Street wisdom or Wenger-ball?
Here's Charlie Adam's stamp on Giroud:
After over thirty years of playing
competitive football, I can recognise and accident, and I can tell
when someone's altered their stride pattern to time an arrival. This
was no accident.
I can forgive the officials. From the
first thirty seconds it was clear we were getting nothing, yet no-one
was designated berrater-in-chief to get on the ref's back until told
to lay off, when the mantle would pass onto the next-best non-stop
moaner. That's a failure of the club, the management and the players.
Wenger-ball is a beautiful game where the better team always comes
out on top.
In the real world you need management.
You need to manage team mates, you need
to manage officials, and you need to manage the opposition.
You manage officials in various ways.
Some respond to the line that: “unless you look after us, we'll
start looking after ourselves”. The threat of a bit of on-pitch
civil disobedience often does the trick.

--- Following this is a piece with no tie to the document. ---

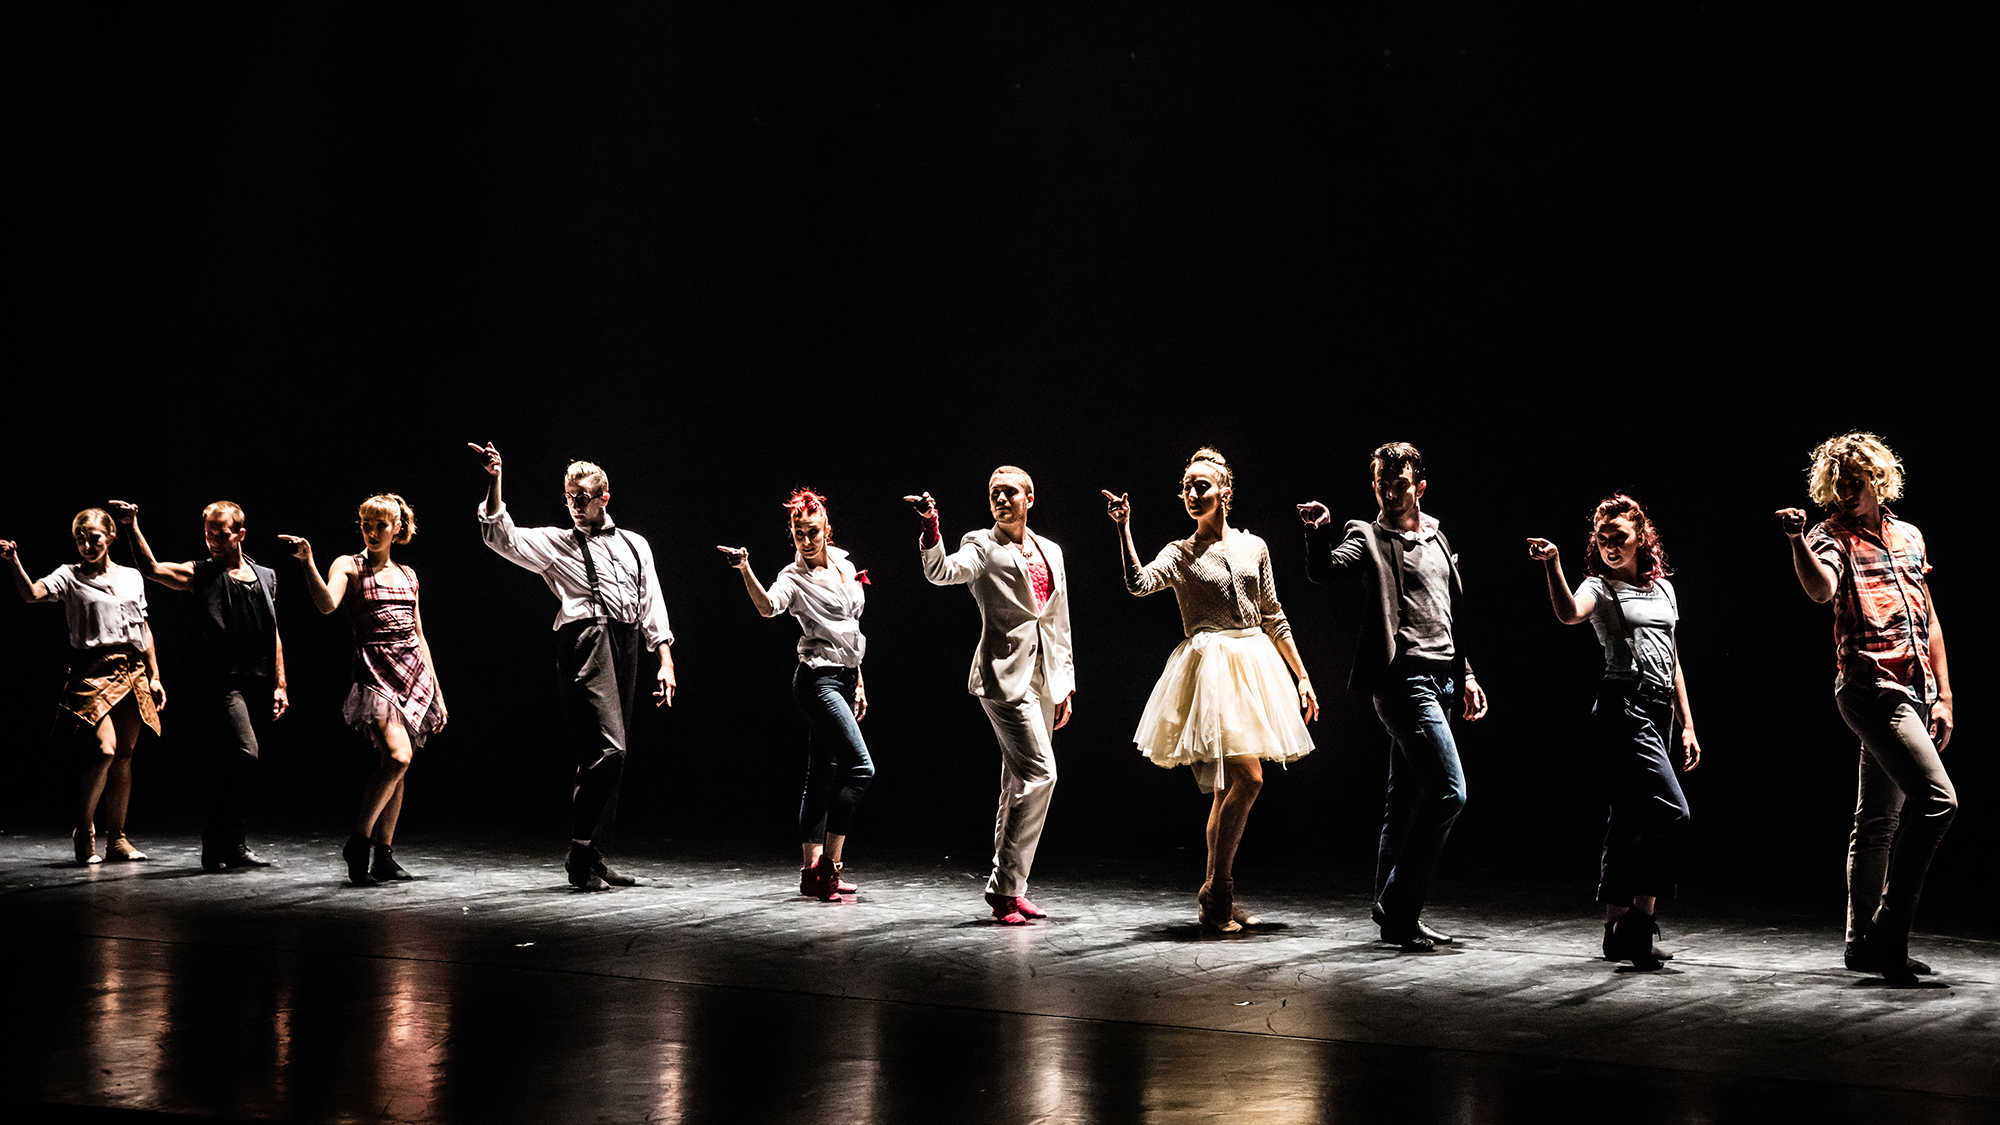 BJM – Les Ballets Jazz De Montréal - Itzik Galili - O Balcão de Amor

Some need a gentle nudge,
some cave in under sheer weight of pressure or time and persistence.
It's a job and it needs doing.
One way to manage players like Adam is
to get your 6'3” monster to realise he's a man-mountain and not be
bullied, but rather be a bully. Giroud could be a Drogba. Instead he
lies down clutching himself and waves his arms at the ref. Try it
once, maybe. Don't persist with a strategy that has brought zero
success after twenty minutes.
Another way is pre-taliation. We know
who the opponent's hit-men are. Many are easily put off their
programme by getting a bit back before they've even dished any out.

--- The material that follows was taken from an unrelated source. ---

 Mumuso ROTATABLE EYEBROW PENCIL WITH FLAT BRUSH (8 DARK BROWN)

Brief one of two of your more spiteful players to get him before he
even thinks of getting us. Get on his case in the tunnel. Ask him how
he'd like his leg broke. Get under his skin so he's looking over his
shoulder the first time he receives the ball. Then don't let him
down. Introduce him, aerially, to the people up in row Z.
There's too much expectation of level
playing fields at the Arsenal, despite all evidence from history that
they don't exist; and insufficient will and determination to ensure
we adjust the slope, preferably so the bubble in the spirit level
tilts in our favour. We need players who bear grudges. More recently
Roy Keane, and before him Jackie Charlton have admitted keeping a
hit-list of opponents who, given the right circumstances, were
getting some back. We need less Wenger-ball and more vengeance, less
Arsene-about and more anger and aggression, more spite and venom. We
need our players to get up and say “was that your best shot, you
Muppet?” when on the receiving end “you'll not be enjoying your
turn”, and instead of shaking hands and making up after fouling an
opponent, quietly inform them “there's plenty more where that came
from...”

Hark at you ( Swedish noir! ) the word your looking for is floot. " That's proper Swedish ".
ReplyDeleteOy! That was "Nordic Noir". Or have you taken against the Danes and Norwegians. Or even the Finns. Are they Nordic, or Arctic? I was always a big Noggin the Nog fan, so this stuff was always going to appeal.
ReplyDeleteJust thought it was a bit non parkhurstian..!!!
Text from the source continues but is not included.